- WORK ITEM -
Restate the full listing word for word; images stay out of it.
== SOURCE MATERIAL ==
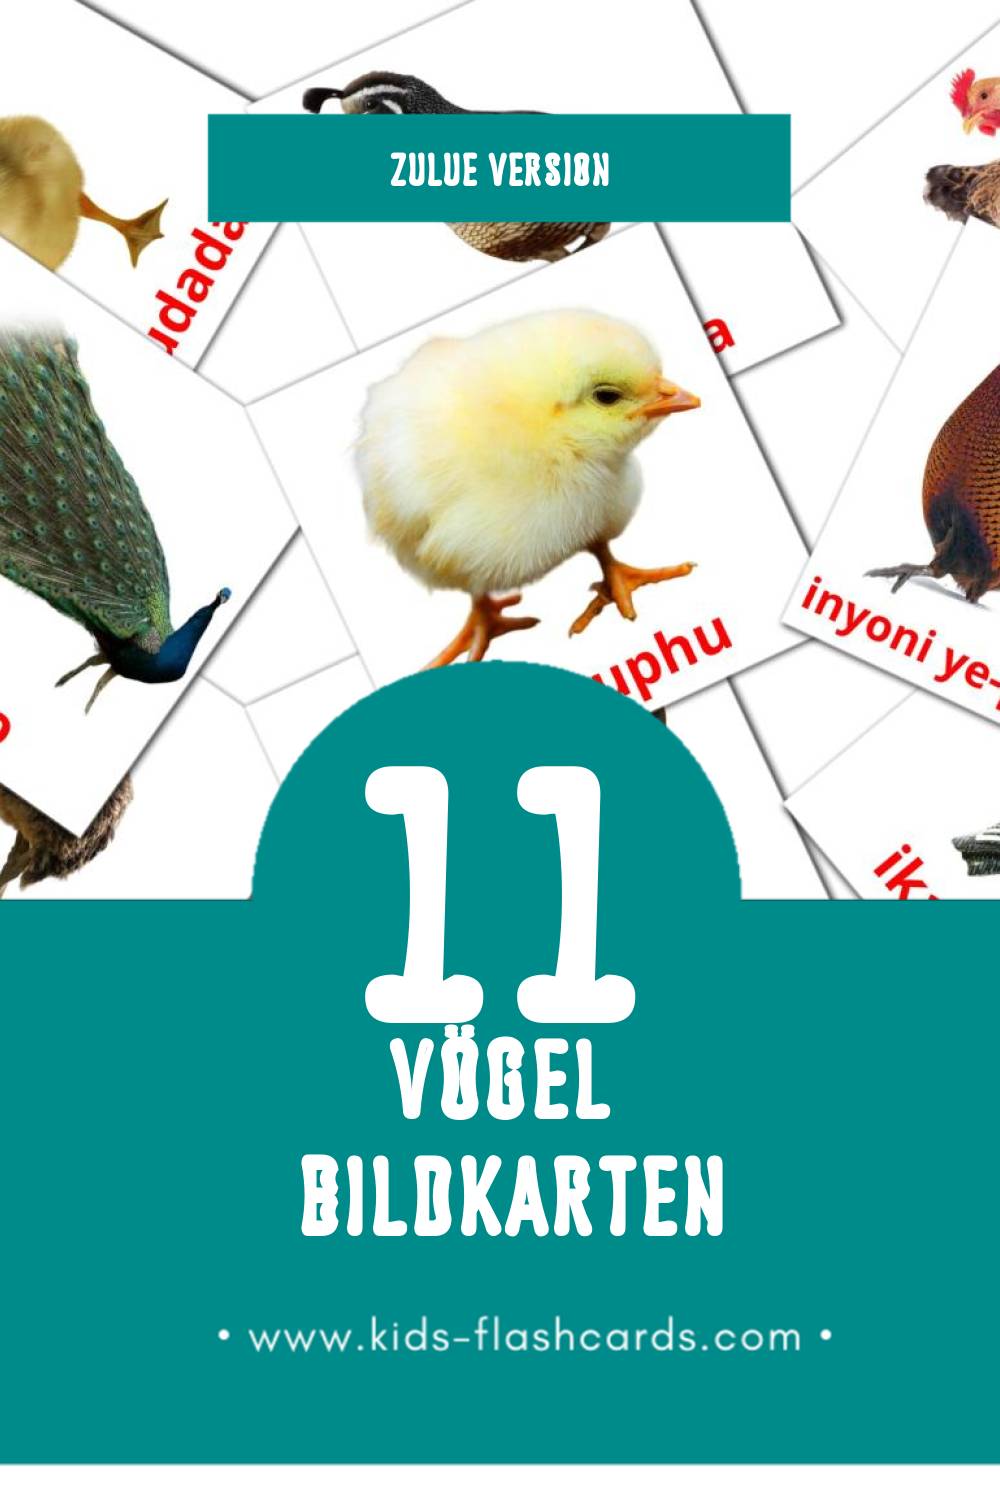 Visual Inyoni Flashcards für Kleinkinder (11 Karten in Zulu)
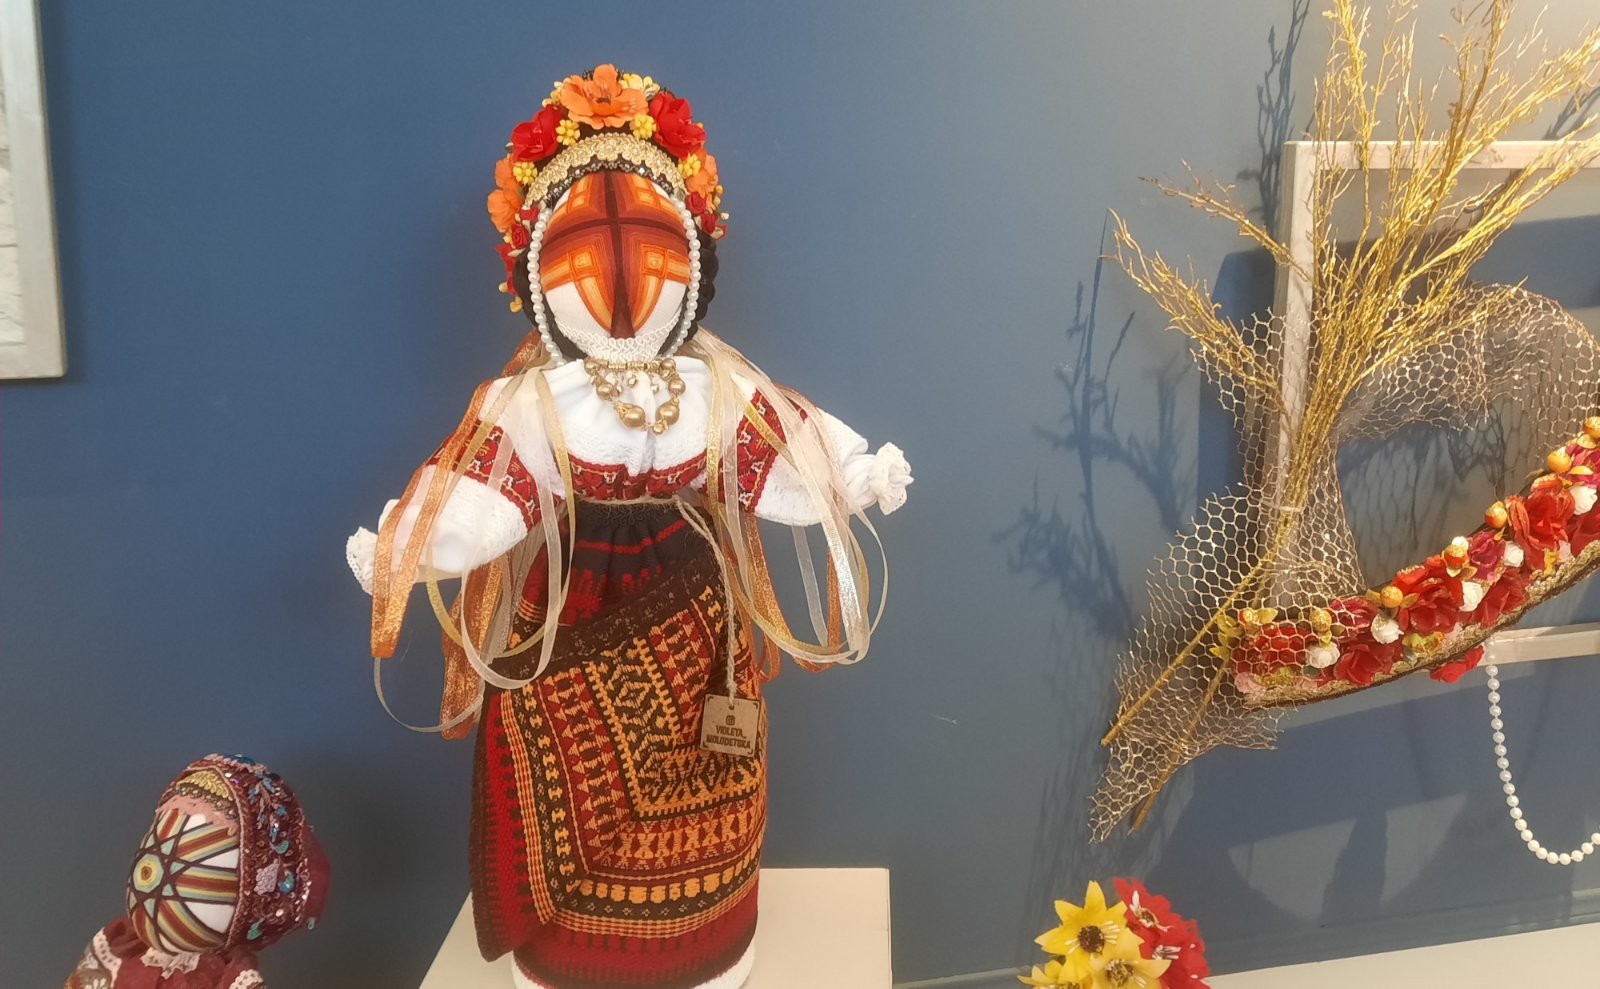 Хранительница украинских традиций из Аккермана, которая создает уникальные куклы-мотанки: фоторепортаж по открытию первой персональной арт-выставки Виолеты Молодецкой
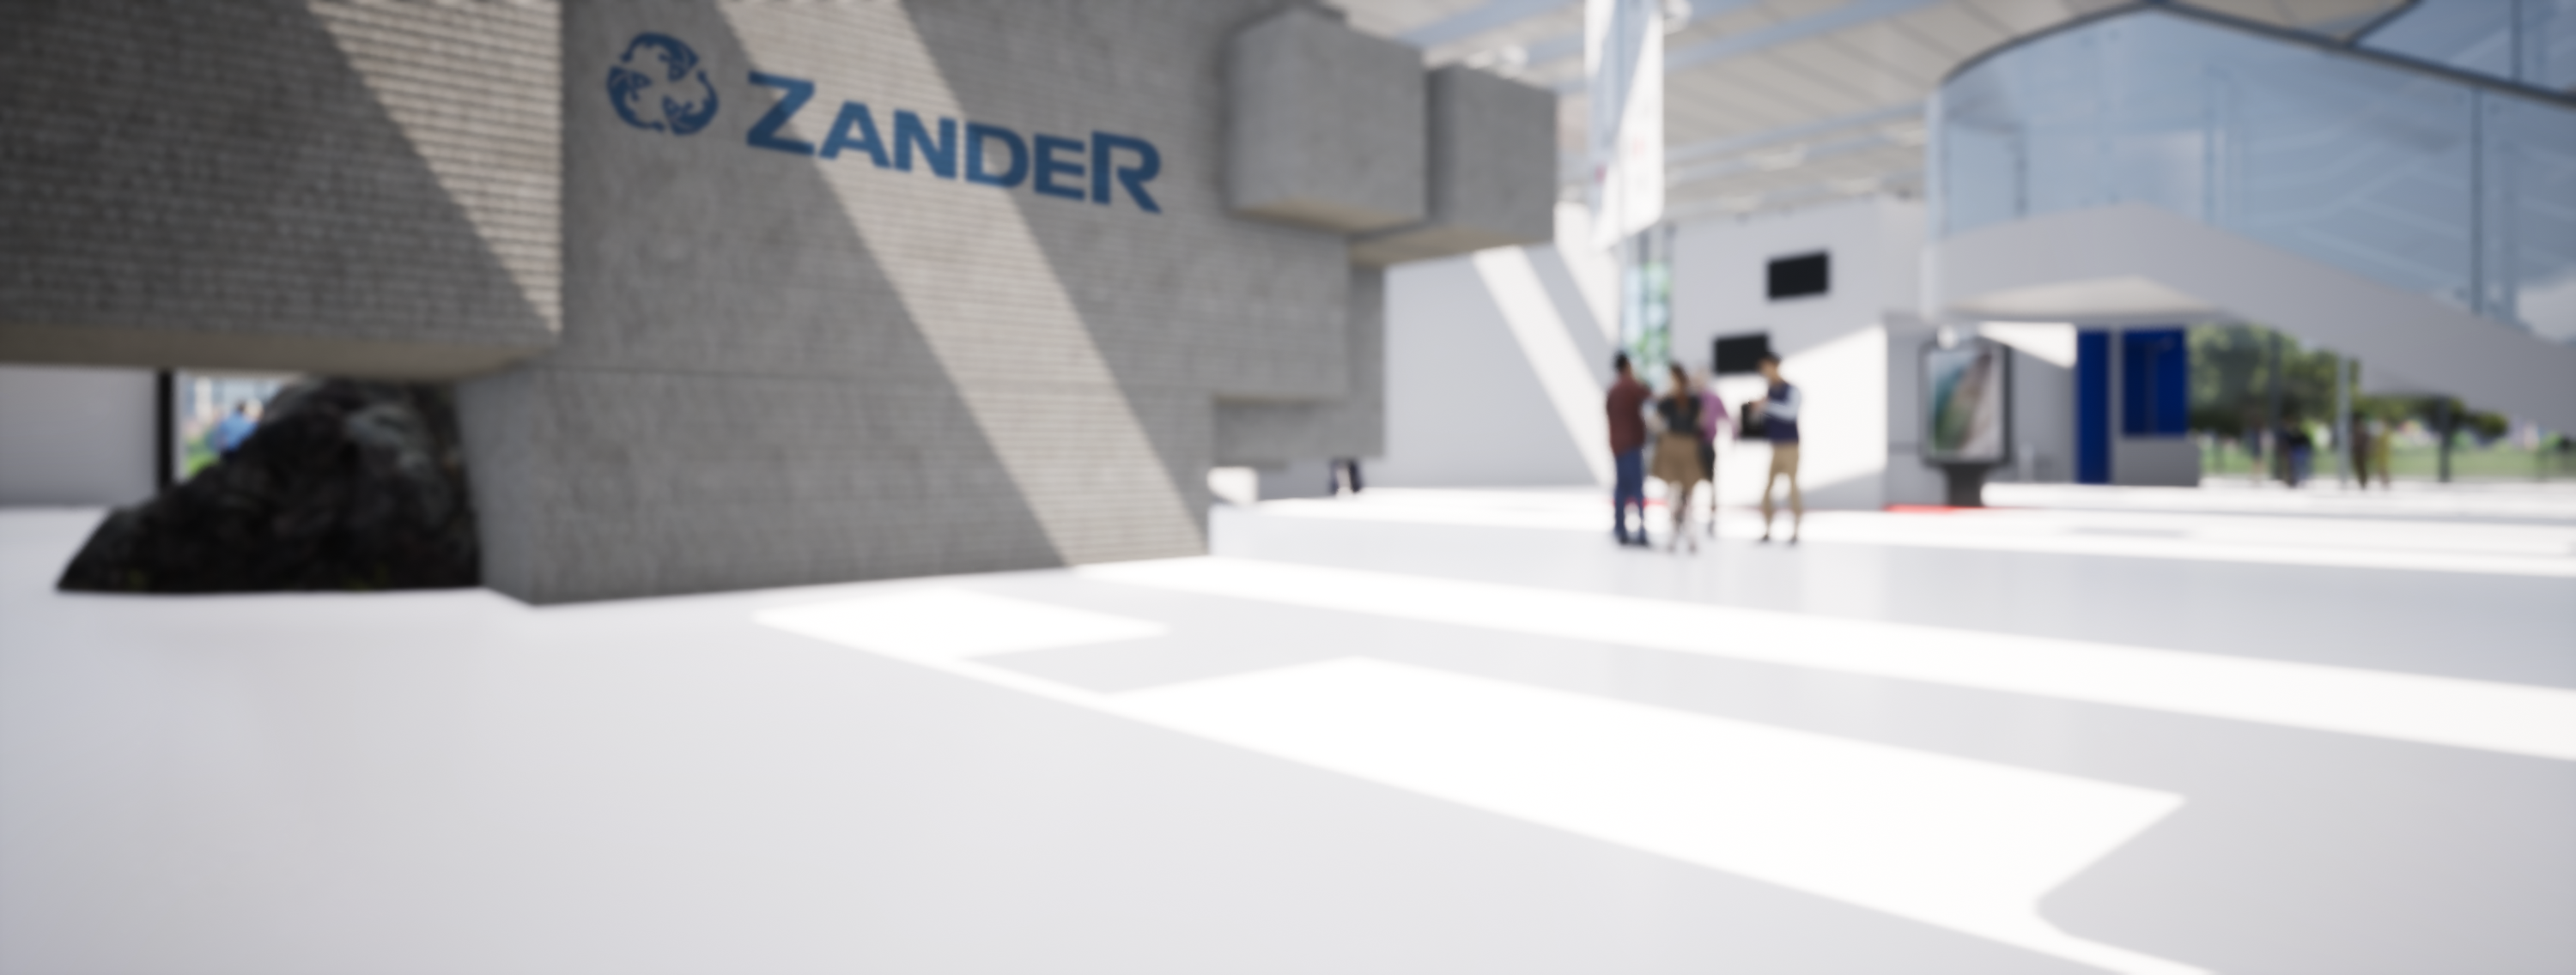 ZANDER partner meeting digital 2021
===
- SOLUTION -
 Visual Inyoni Flashcards für Kleinkinder (11 Karten in Zulu)
 Хранительница украинских традиций из Аккермана, которая создает уникальные куклы-мотанки: фоторепортаж по открытию первой персональной арт-выставки Виолеты Молодецкой
 ZANDER partner meeting digital 2021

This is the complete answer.